Los socios fían al plan anticrisis su relación con Moncloa

Esperan medidas eficaces en el real decreto y avisan de que no acertar puede pasar factura al bloque de izquierda

El presidente del Gobierno, Pedro Sánchez, interviene durante una sesión de control en el Congreso de los Diputados
El presidente del Gobierno, Pedro Sánchez, interviene durante una sesión de control en el Congreso de los Diputados FOTO: JUAN CARLOS HIDALGO EFE

El martes será el «día D» para que los aliados parlamentarios testen el futuro de su relación con el Gobierno. El examen final sobre el que puntuarán al Ejecutivo y del cuál dependerá los sucesivos apoyos –necesarios–para que PSOE y Unidas Podemos puedan poner en marcha su agenda legislativa en el Congreso de los Diputados en los próximos dos años.

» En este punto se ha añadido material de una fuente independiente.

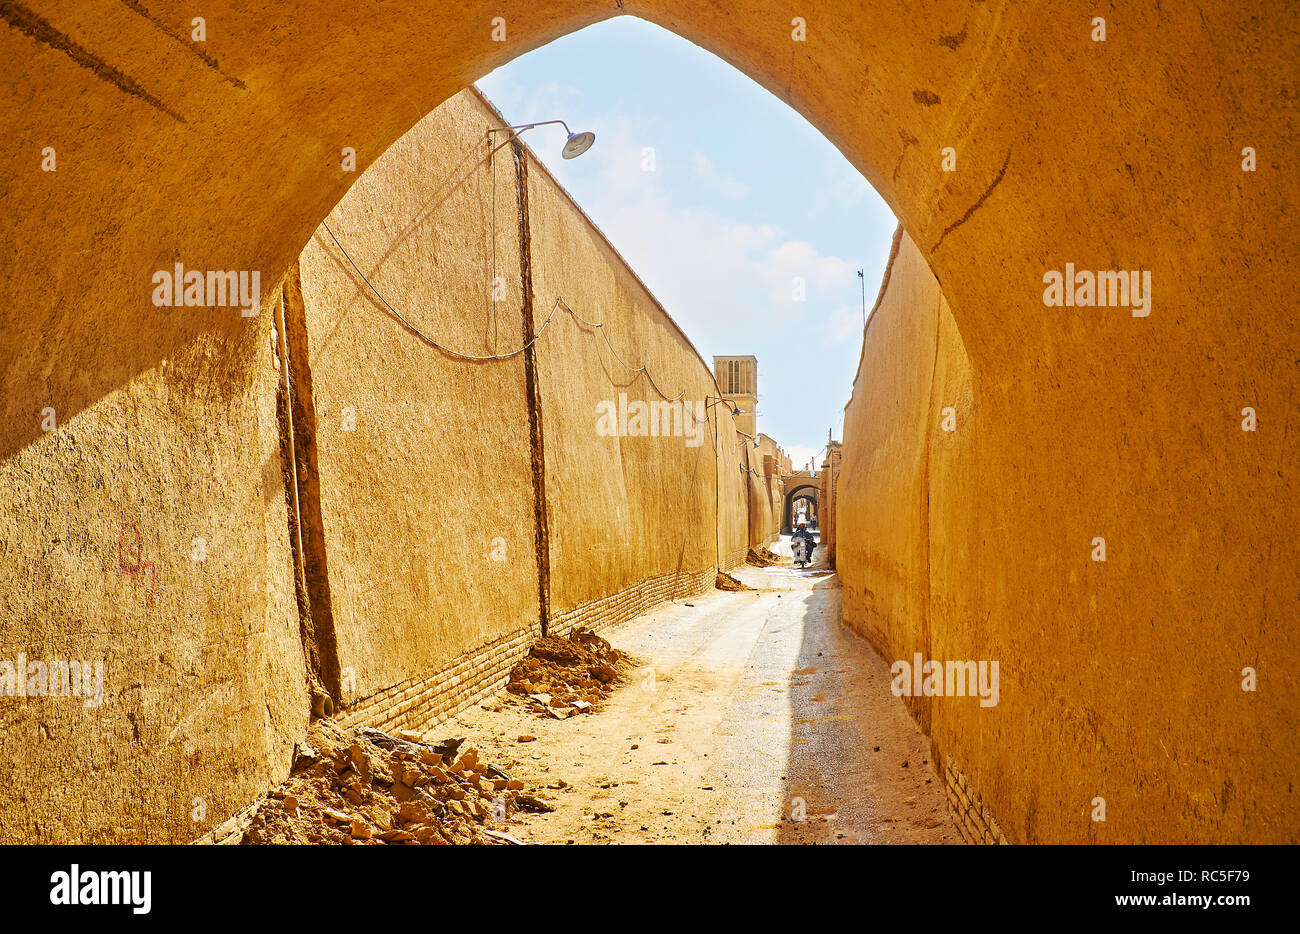 Visita i quartieri storici di Yazd con conserva edifici mudbrick, kuche passaggi e badgirs (windcatchers) in grado di fornire aria fresca al mediev Foto Stock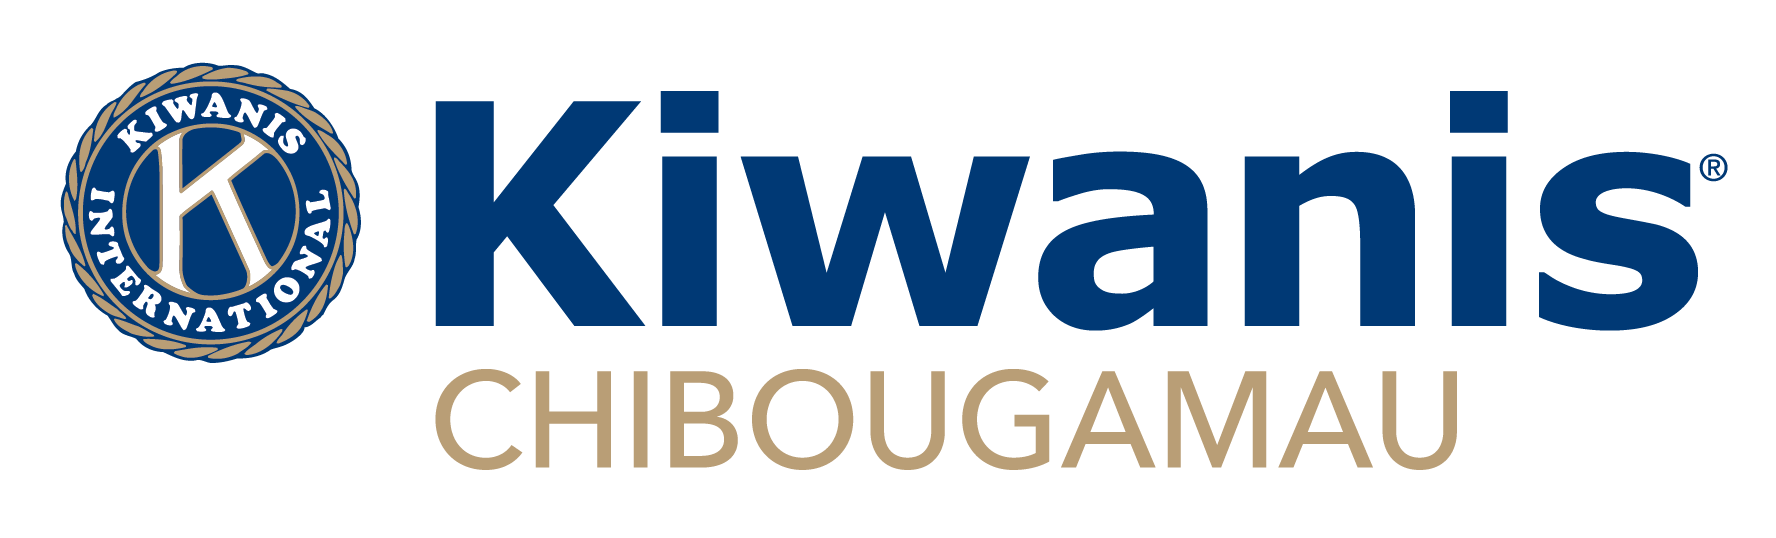 Kiwanis Chibougamau

El Consejo de Ministros debe aprobar la semana que viene el Plan Nacional de Respuesta al impacto socioeconómico de la guerra en Ucrania del que hasta hoy los socios de investidura, ni tampoco la oposición, conocen sus detalles. «Ni una medida concreta», se expresan con preocupación los grupos parlamentarios que durante esta semana han asistido a la ronda de reuniones lideradas por las vicepresidentas y el ministro de Presidencia. Unas citas a las que en Moncloa han dado vital importancia a la vez que las reuniones con los agentes sociales, comunidades y que se producían al mismo tiempo que Pedro Sánchez realizaba una gira europea para convencer a los socios europeos de su propuesta de desacoplan el precio del gas de la electricidad antes del Consejo Europeo que finalizará hoy.

En el Ejecutivo han tratado de ser prudentes en estas citas con sus socios en cuanto a esbozar su plan económico con el objetivo de salir de la reunión europea con una medida consensuada por todos los países, algo que en la esfera política española ha sido muy criticado tanto en público como en privado. «Sospechábamos que solo querían la fotografía», ilustró el portavoz de ERC, Gabriel Rufián. Una sensación compartida por el resto del bloque de investidura que llegó a las reuniones con medidas similares como subir los impuestos a las eléctricas y grandes fortunas, eliminar o reducir al máximo el IVA de la factura eléctrica a los consumidores vulnerables o fijar precios máximos del gas.

Sin embargo, de estas conversaciones no salió ninguna medida concreta. Es por ello que fuentes parlamentarias del bloque de investidura se muestran pesimistas al analizar el momento de malestar social en la sociedad con la clase política. «Debemos estar para solucionar la vida de la gente», remarcan, para explican que «esperan a conocer las medidas que sean aprobadas para pensar cómo será la futura relación con el Gobierno».

Una nueva prueba para la mayoría de izquierdas, justo en un momento en el que el partido mayoritario de la coalición se enfrenta al rechazo unánime de todos los grupos por su cambio de posición respecto al Sáhara. Estas fuentes explican que llevan varios meses advirtiendo al PSOE de que debe «mirar hacia el bloque de investidura» y que «tiene que contar con nosotros si quiere que le sigamos apoyando». Es por ello que ven vital el futuro decreto para determinar cómo será la relación en el Congreso con el Ejecutivo. Estas fuentes expresan su inquietud ante la sensación de que parte del Ejecutivo no está empatizando con la sociedad en medio de la crisis económica y observan ya que este escenario y no acertar en las medidas para actuar frente el alza de precios «puede pasar factura a la izquierda» en unas futuras elecciones. Una sensación que también se comparte en Podemos donde también esperan con atención las futuras medidas. Esperan, de hecho, que la influencia de las propuestas de Unidas Podemos se note en el real decreto.